Aqua Bounty’s securities are not currently publicly traded in the US markets nor are they registered with the US Securities and Exchange Commission (the “SEC”). In the event that Aqua Bounty’s securities are registered with the SEC and become listed on a US national securities exchange, the mandatory offer provisions described above will cease to apply.

Aqua Bounty is also governed by the provisions of section 203 of the DGCL. Section 203 generally prohibits a publicly held Delaware corporation from engaging in a ‘‘business combination’’ with an ‘‘interested stockholder’’ for a period of three years after the date of the transaction in which the person became an interested stockholder, unless the business combination is approved in a prescribed manner.
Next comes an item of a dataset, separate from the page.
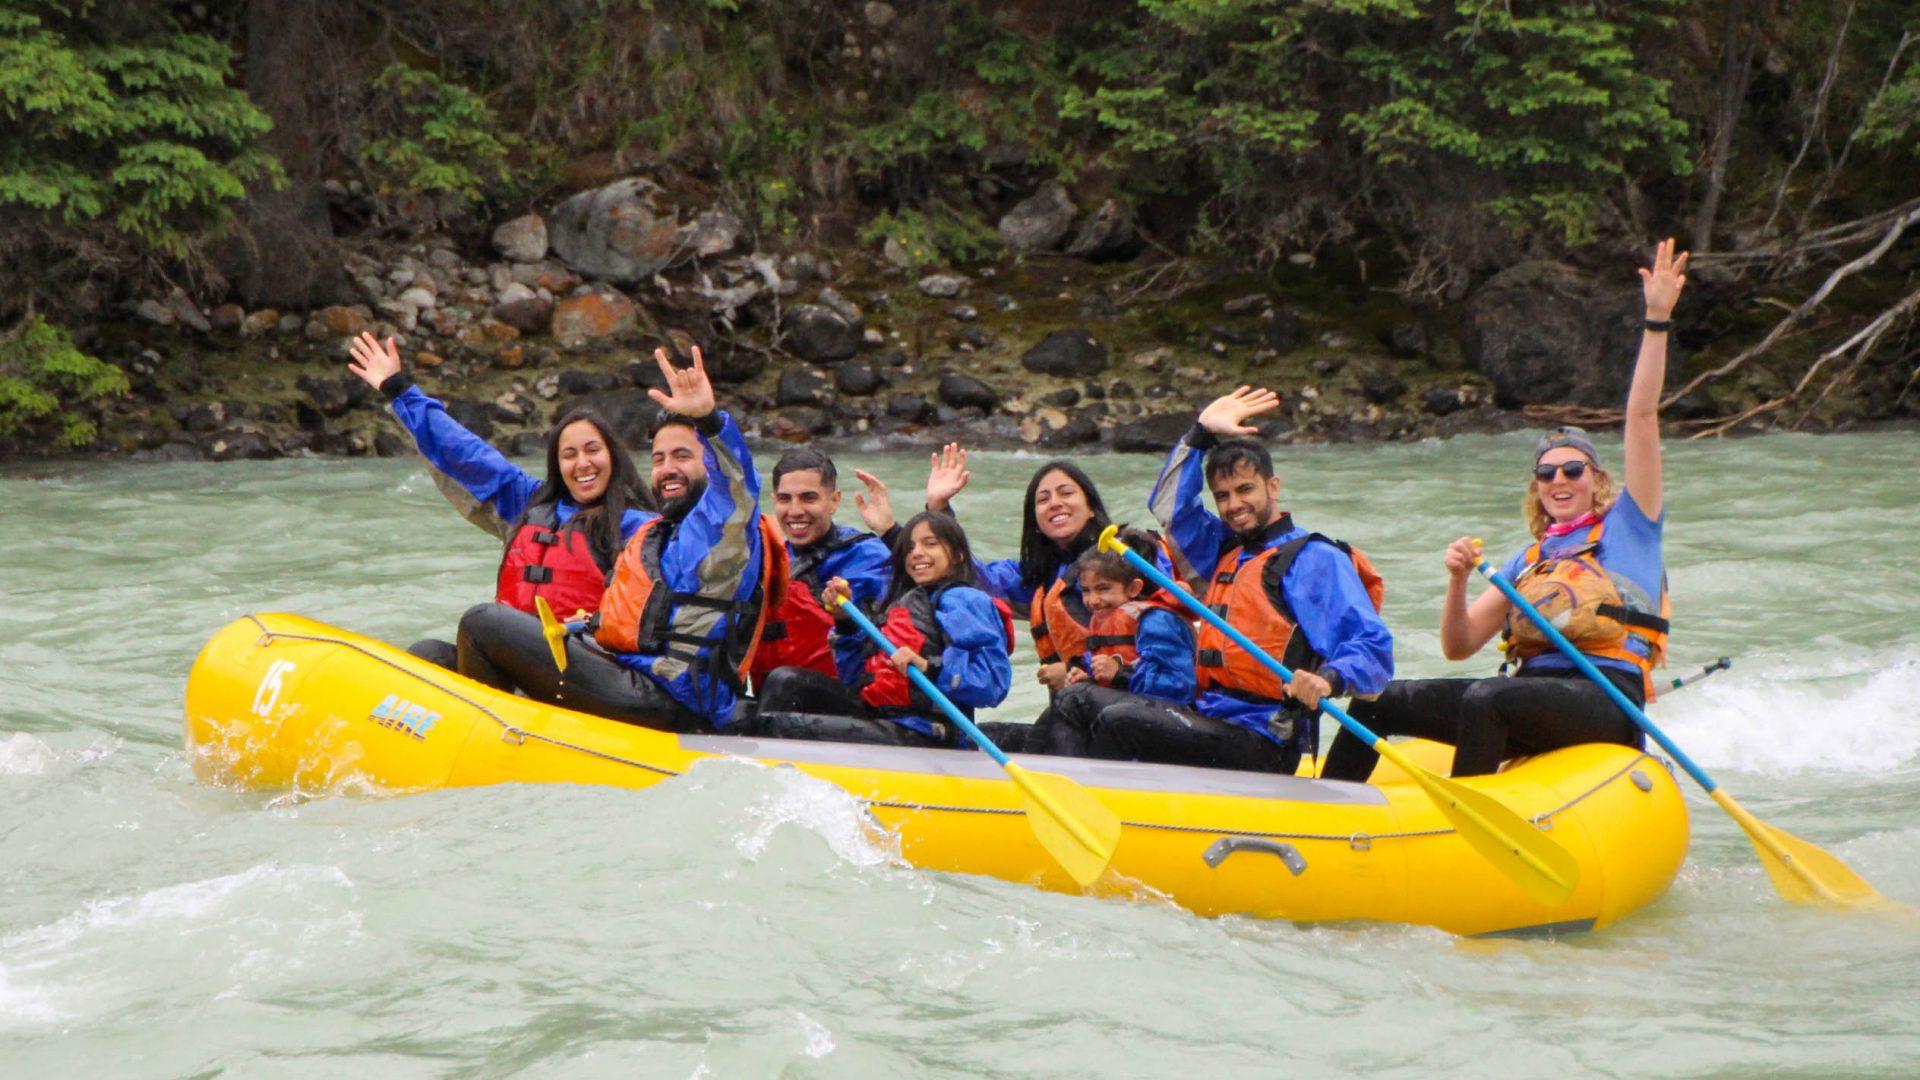 Jasper's Whitewater Rafting

A ‘‘business combination’’ includes mergers, stock sales, asset sales, similar transactions and other transactions resulting in a financial benefit to the interested stockholder. An ‘‘interested stockholder’’ is a person who, together with affiliates and associates, owns (or within three years, did own) 15 per cent or more of the corporation’s voting stock.

c) Limitation of Director Liability

The Certificate of Incorporation and the Company’s by-laws limit the liability of the Directors and the Officers of the Company to the fullest extent permitted by Delaware law. Specifically, Directors of Aqua Bounty will not be personally liable for money damages with respect to any acts or omissions in the performance of his or her duties as a Director, except for liability (i) for any breach of the Director’s duty of loyalty to Aqua Bounty or its Shareholders, (ii) for acts or omissions not in good faith or which involve intentional misconduct or a knowing violation of law, (iii) under Section 174 of the DGCL, which relates to unlawful declarations of dividends or other distributions of assets to Shareholders or the unlawful purchase of shares of the corporation, or (iv) for any transaction from which the Director or officers derived an improper personal benefit. If the DGCL is amended to eliminate or limit the personal liability of Directors, then, after approval by Aqua Bounty shareholders, the Certificate of Incorporation or by-laws may be amended to eliminate or limit Director liability to the fullest extent permitted by the DGCL, as so amended.

d) Additional Corporate Matters

The Certificate of Incorporation also provides that (i) the affirmative vote of a majority of the voting power of all of the then-outstanding shares of the voting stock of Aqua Bounty shall be required to adopt, amend or repeal any provision of the by-laws of Aqua Bounty; (ii) the Board of Directors shall also have the power to adopt, amend or repeal the by-laws; (iii) Shareholders may not take any action by written consent; (iv) special meetings of Shareholders may be called only by the Board or by the Chief Executive Officer or the Chairman of the Board, or by the holders of not less than 25 per cent of the Common Shares; and (v) the affirmative vote of a majority of the voting power of all the Common Shares, voting together as a single class, shall be required to amend the provisions of the Certificate of Incorporation regarding the composition of the Board of Directors, stockholder action and meetings and limitation on Director liability (other than any amendment of such provisions in connection with a restatement of the Certificate of Incorporation). Advance notice of stockholder business is to be provided as set forth in the by-laws. The foregoing provisions of the Certificate of Incorporation may discourage certain types of transactions involving an actual or potential change in control of Aqua Bounty and could have the effect of delaying, deterring or preventing a change in control of Aqua Bounty.